--- Task to carry out ---
A faithful copy of all the data is required; pictures should not be included.

--- Collected data ---
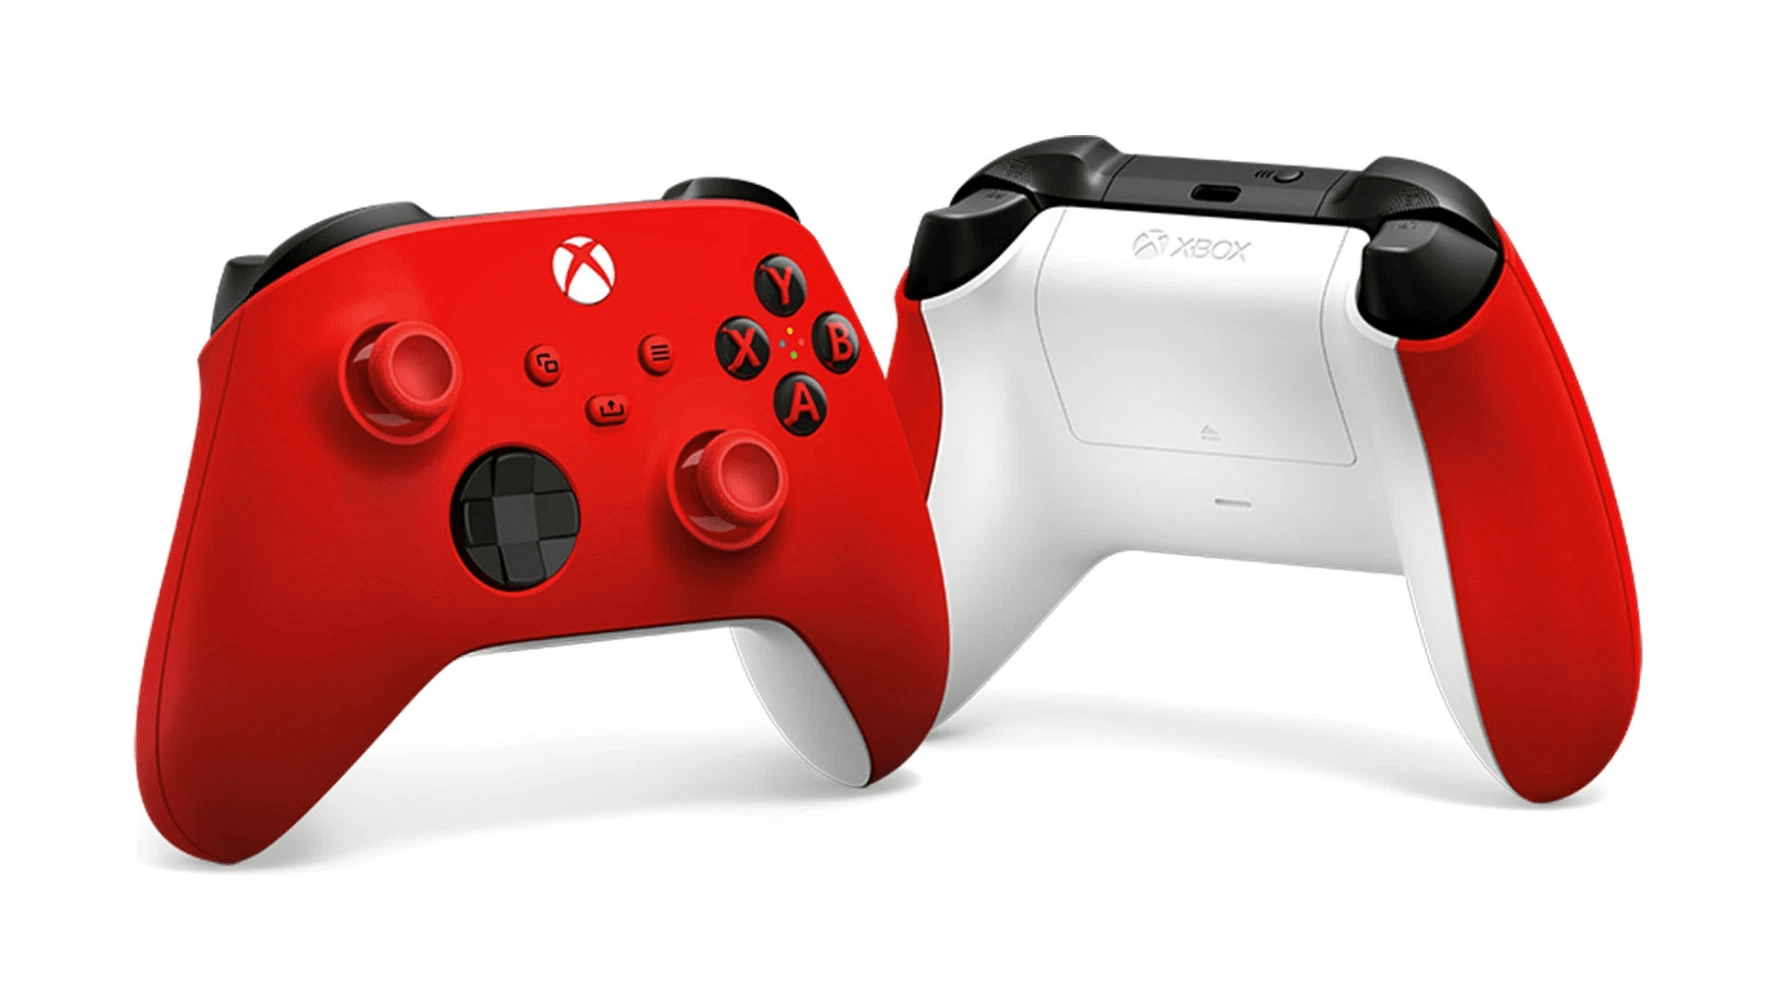 Xboxワイヤレスコントローラーパルスレッド 国内では2月23日発売へ Wpteq
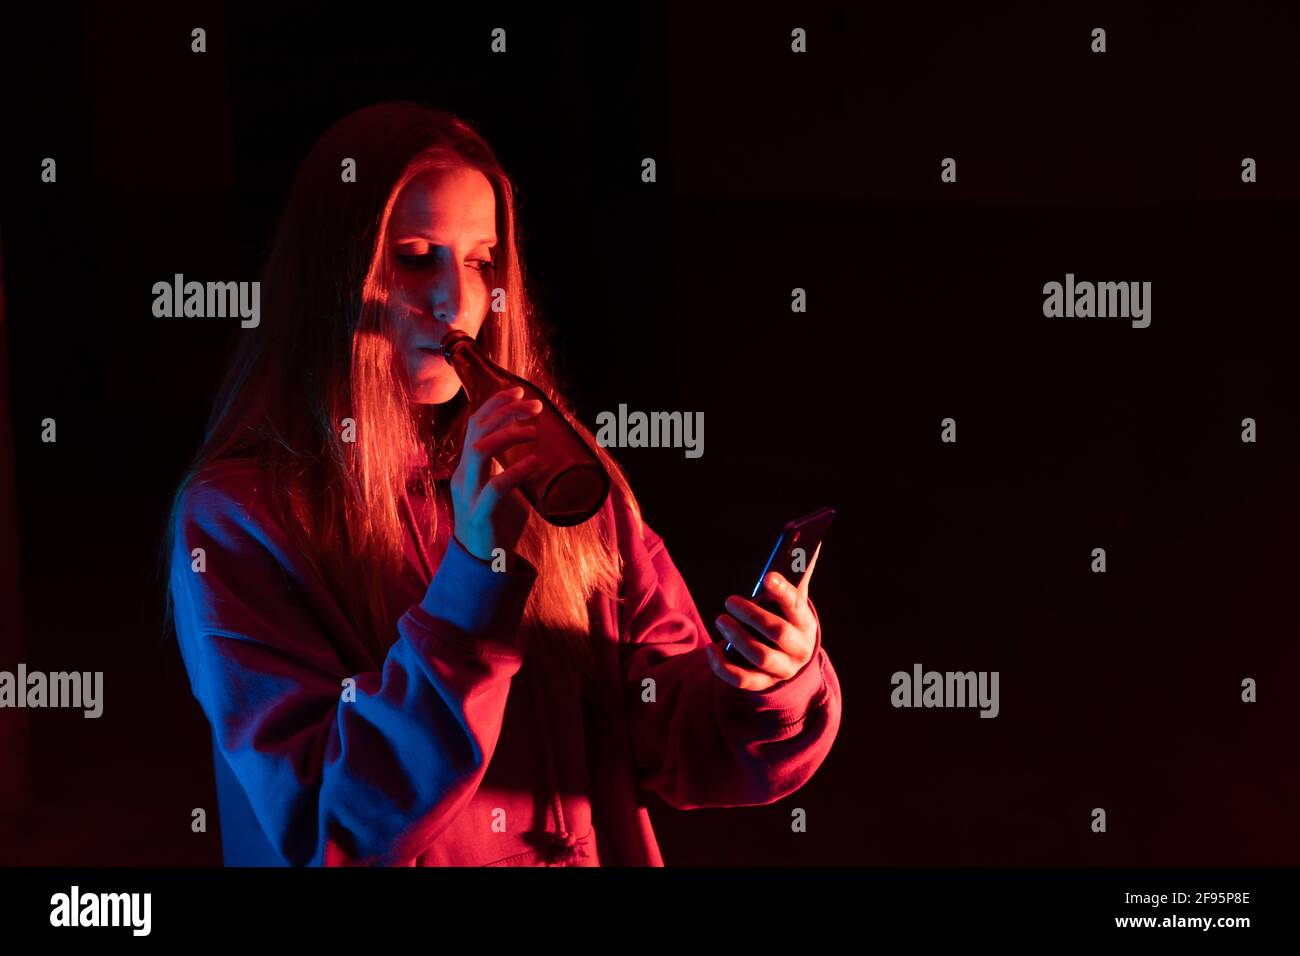 Une jeune fille boit une bière en regardant le smartphone Dans les mains.Portrait de la femme caucasienne sur le fond sombre du studio avec Lumières fluo colorées.nuit c Banque D'Images
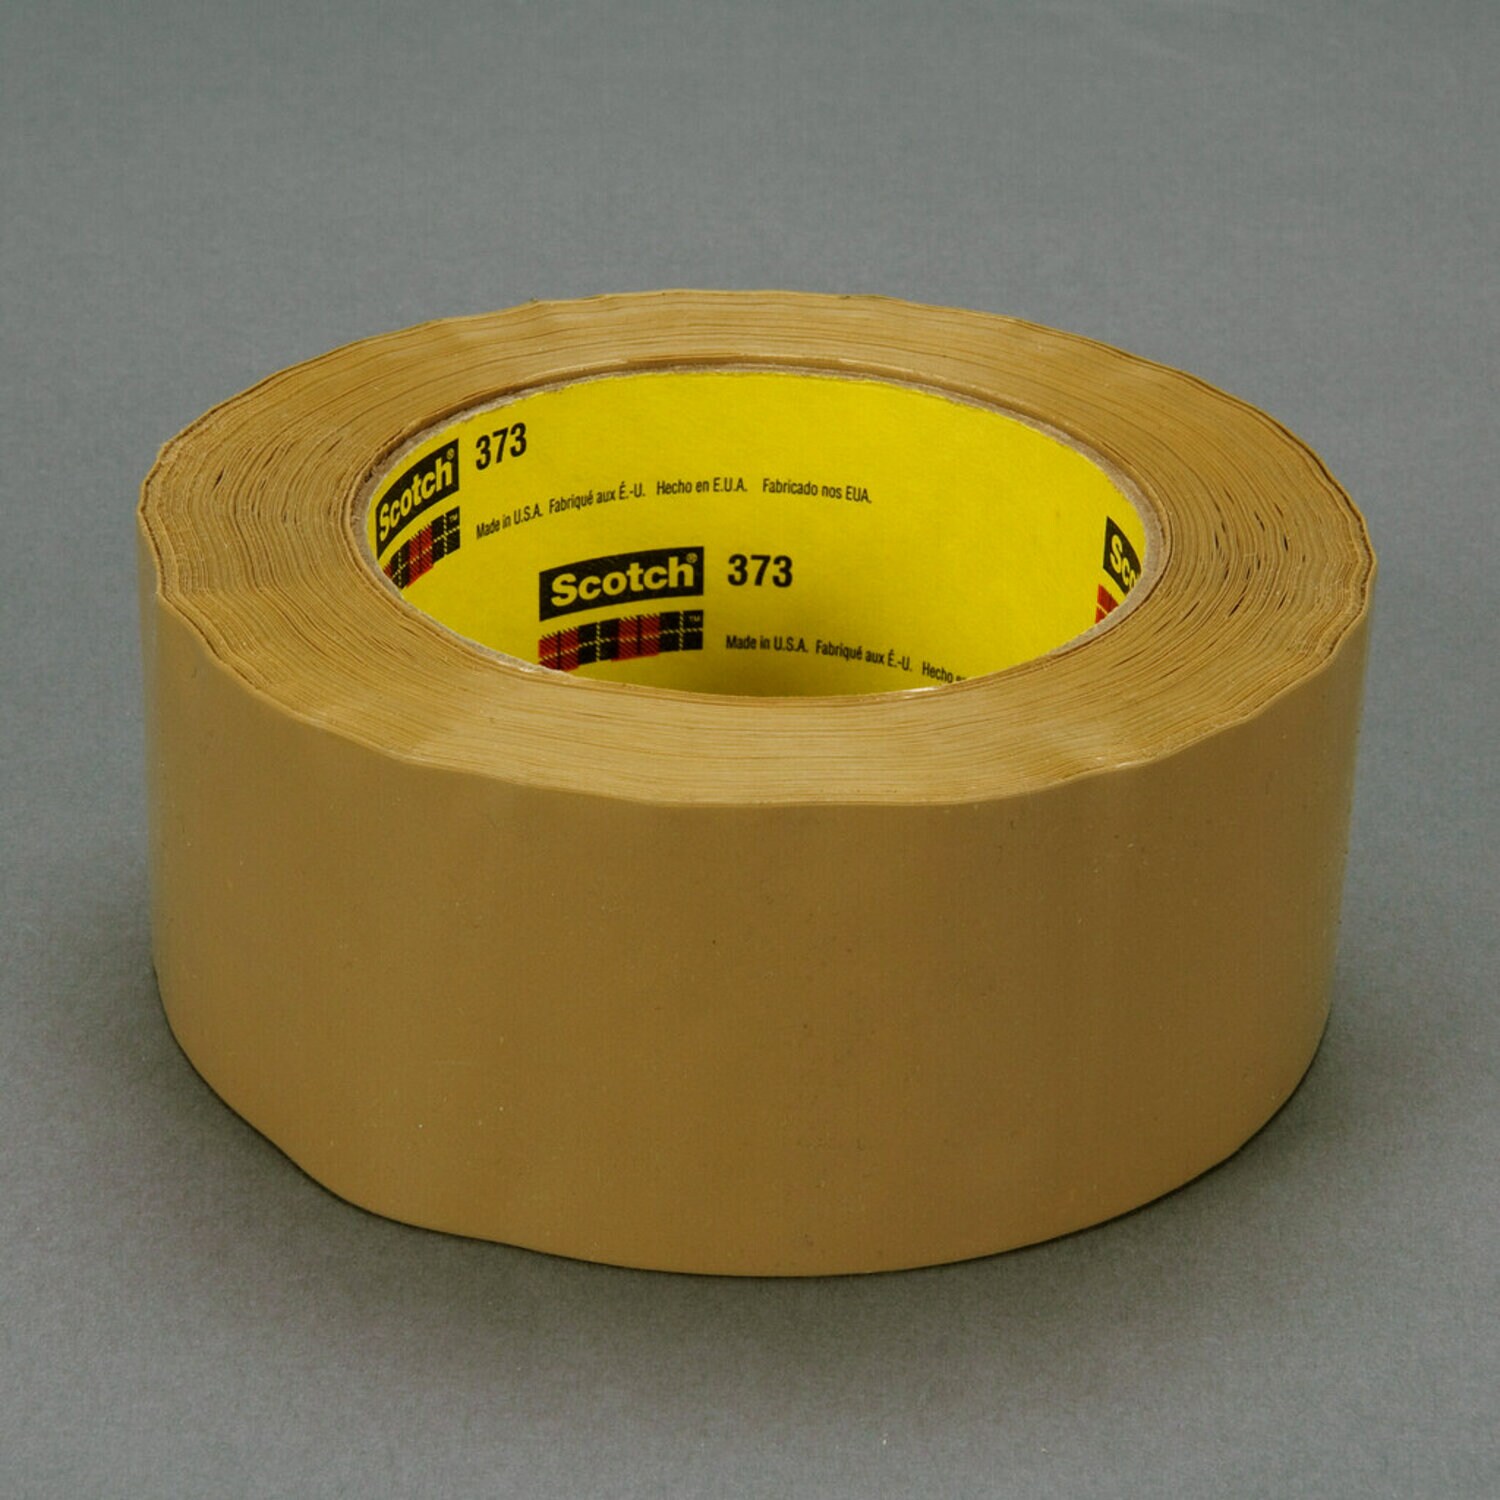 7100034988 - Scotch Box Sealing Tape 373, Tan, 72 mm x 914 m, 4/Case

--- Exercise output ---
 Xboxワイヤレスコントローラーパルスレッド 国内では2月23日発売へ Wpteq
 Une jeune fille boit une bière en regardant le smartphone Dans les mains.Portrait de la femme caucasienne sur le fond sombre du studio avec Lumières fluo colorées.nuit c Banque D'Images
 7100034988 - Scotch Box Sealing Tape 373, Tan, 72 mm x 914 m, 4/Case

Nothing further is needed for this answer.